Butter milk (1 piece)
Afternoon Snack
106 mg/dL
avg. peak value
Usually has a stable response
Avg. Food Score on Ultrahuman App
Ultrahuman Users got a STABLE response
How to consume Butter milk without glucose spikes
Pair with Protein
Include a source of lean protein such as chicken, turkey, or tofu in your meal when consuming buttermilk. This can help slow down the absorption of sugars.
Add Fiber-Rich Foods
Incorporate fiber-rich foods like chia seeds, flaxseeds, or vegetables such as spinach and kale. These can help in moderating blood sugar levels.
Incorporate Healthy Fats
Add healthy fats like avocado, nuts, or olive oil to your meal. These can help in stabilizing the glucose response.
Opt for Whole Grains
If you are having buttermilk as part of a meal, choose whole grains like quinoa or barley instead of refined grains. These are digested more slowly.
Choose Low-Carb Sides
Consider having buttermilk with low-carb sides such as a salad with leafy greens, cucumbers, and tomatoes to help balance your meal.
Eat Smaller Portions
Reduce the serving size of buttermilk to control the amount of carbohydrates consumed at one time.
Stay Active Post-Meal
Engage in light physical activity, like walking, after consuming buttermilk.

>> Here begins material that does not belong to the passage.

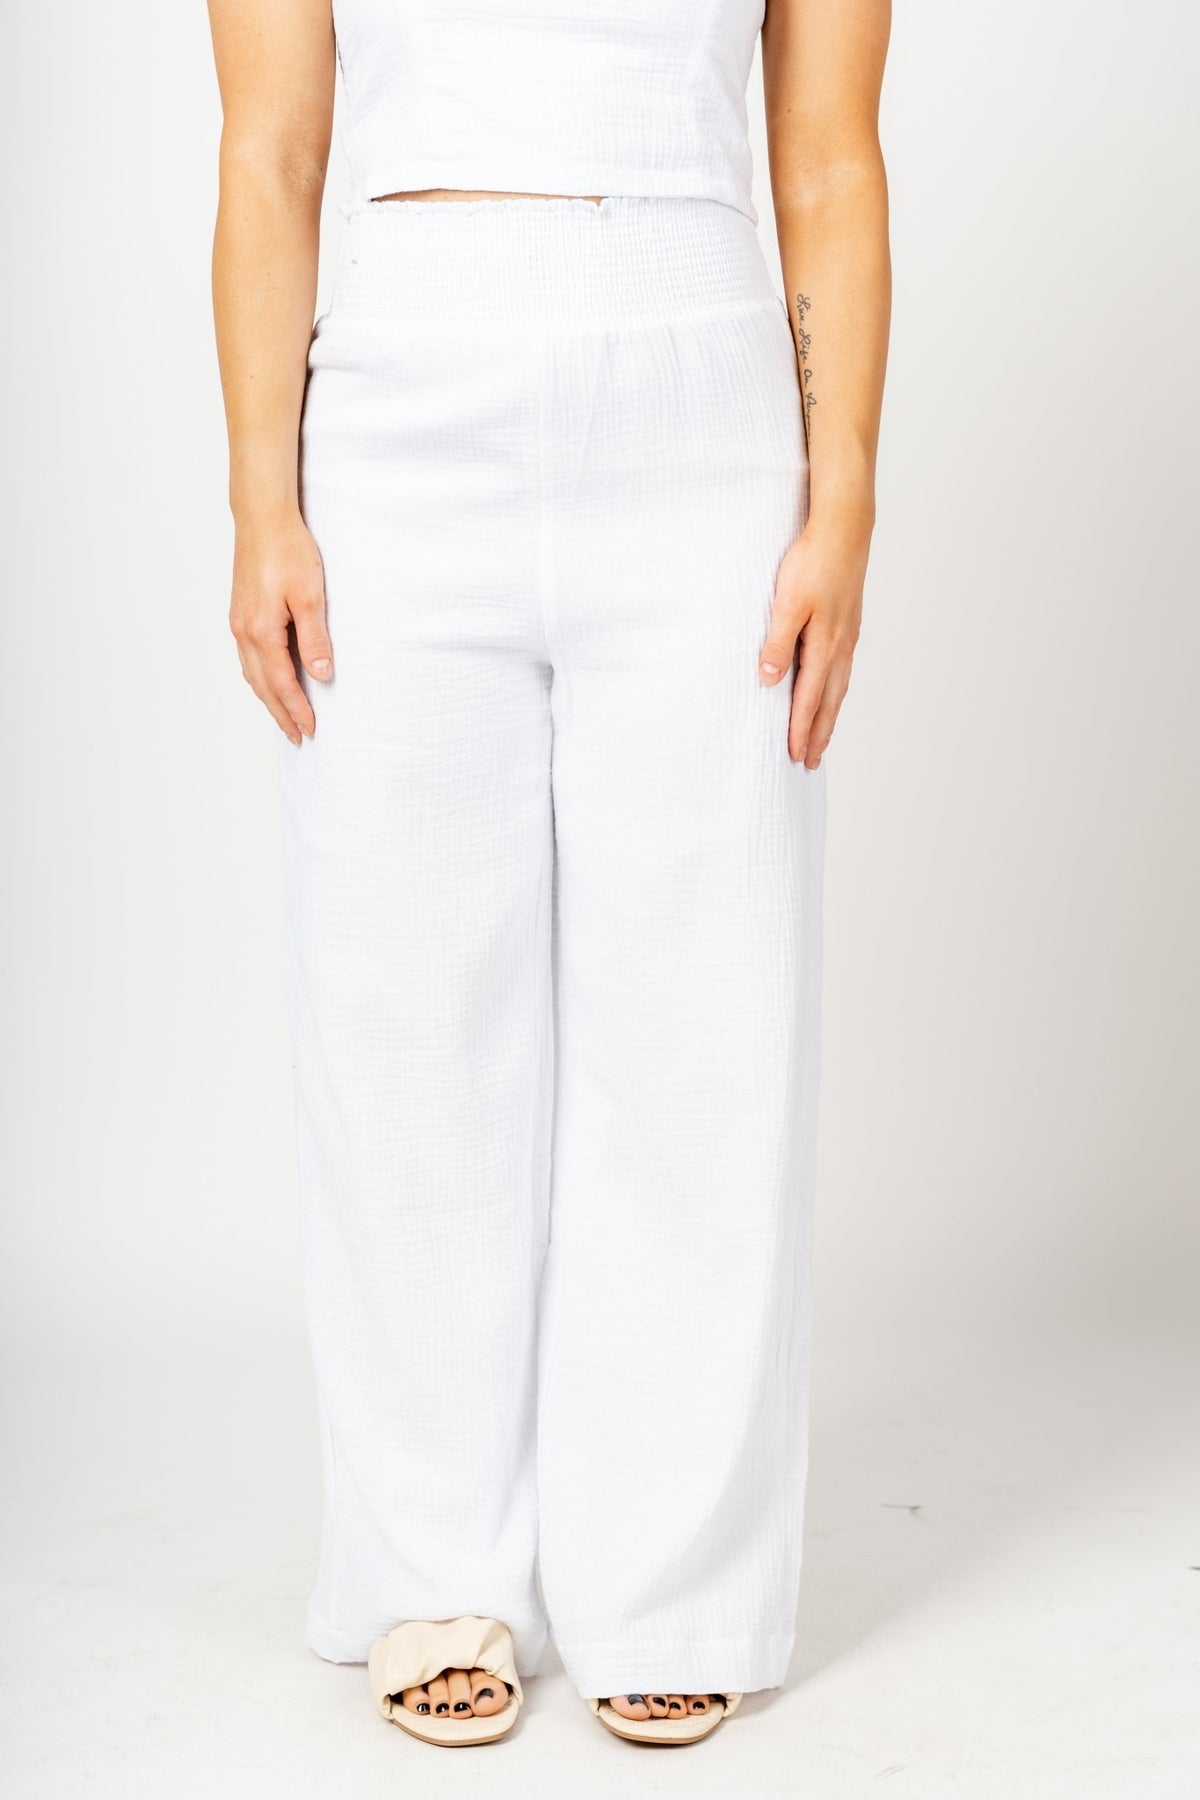 Z Supply Cassidy gauze pants white - Z Supply Pants - Z Supply Tops, Dresses, Tanks, Tees, Cardigans, Joggers and Loungewear at Lush Fashion Lounge

This can help in utilizing glucose more effectively.
Mix with Nuts or Seeds
Add a handful of almonds or pumpkin seeds to your buttermilk. They are low in carbohydrates and can aid in reducing a spike.
Use Spices
Incorporate spices like cinnamon or turmeric, which have been suggested to help manage blood sugar levels.
Time Your Meals
Consume buttermilk as part of a balanced meal rather than on an empty stomach, to ensure other foods can help mediate the glucose response.